Overall, on the “Corruption Risk Report Card,” Kansas received a letter grade of “C,” ranking it ninth among the states. Journalist Peter Hancock wrote the story for Kansas, opening with “Kansas has a history of enacting major reforms in the wake of scandals. But in the absence of any major uproar, the state is often inclined to leave things as they are, even though there may be significant weaknesses in laws meant to ensure transparency and accountability.”

One area in which Kansas rated low is in “Public Access to Information.” Kansas received a letter grade of “C” in this area. Hancock wrote: “On paper, Kansas has a fairly extensive law, known as the Kansas Open Records Act, or KORA, that is meant to ensure public access to official government records. But enforcement of the measure is left largely to the discretion of the state attorney general and local prosecutors who, according to interviews with researchers and media professionals, may be reluctant to take action. The only other option for citizens seeking records is to file civil lawsuits at their own expense.”

Drilling down to more detail illustrates the discrepancy between what Kansas law says, and what actually happens in practice. On the question “Do citizens have a legal right of access to information?” Kansas received a score of 100 percent.

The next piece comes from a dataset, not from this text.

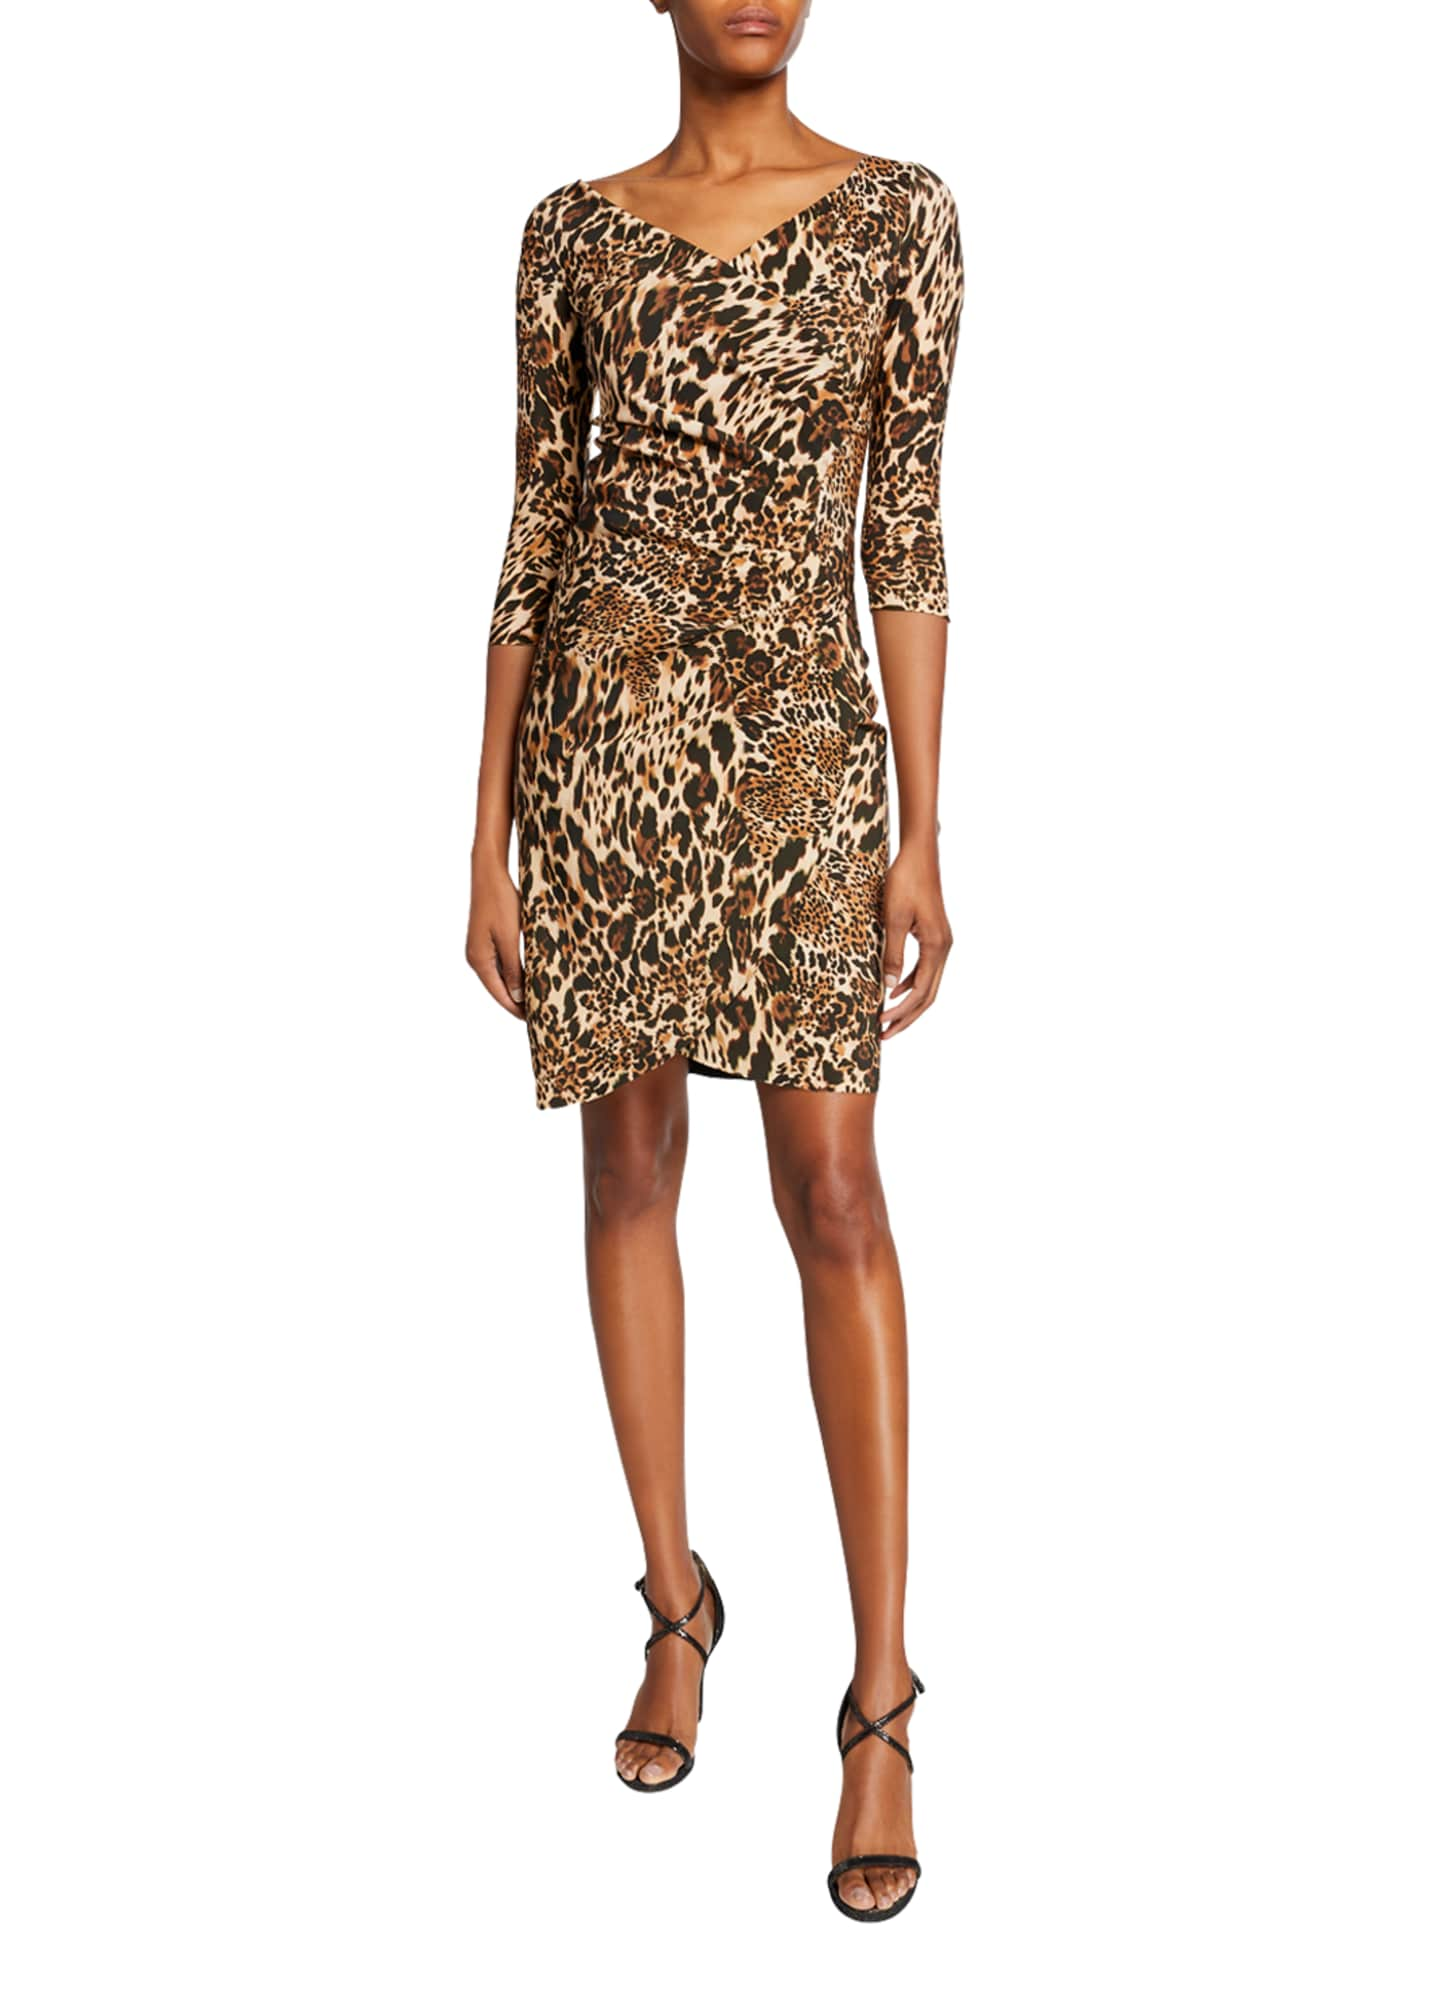 Chiara Boni La Petite Robe Emerentienne Leopard-Print 3/4-Sleeve

But on the important question “Is the right of access to information effective?” investigators gave Kansas a grade of 47 percent. Averaging these two scores might produce a letter grade of “C.” But looking at more detail reveals why Kansas is often ranked very low in the more important measure of actual access to records.

Drilling down farther, Kansas rated very low on these measures: “In practice, citizens can resolve appeals to access to information requests within a reasonable time period,” “In practice, citizens can resolve appeals to information requests at a reasonable cost,” “In practice, when necessary, the agency that monitors the application of access to information laws and regulations independently initiates investigations,” and “In practice, when necessary, the agency that monitors the application of access to information laws and regulations imposes penalties on offenders.” The last measure received a score of zero percent.

Those who have followed the struggle to have Wichita quasi-public agencies follow the Kansas Open Records Act shouldn’t be surprised by Kansas’ low score on the actual application of this important law.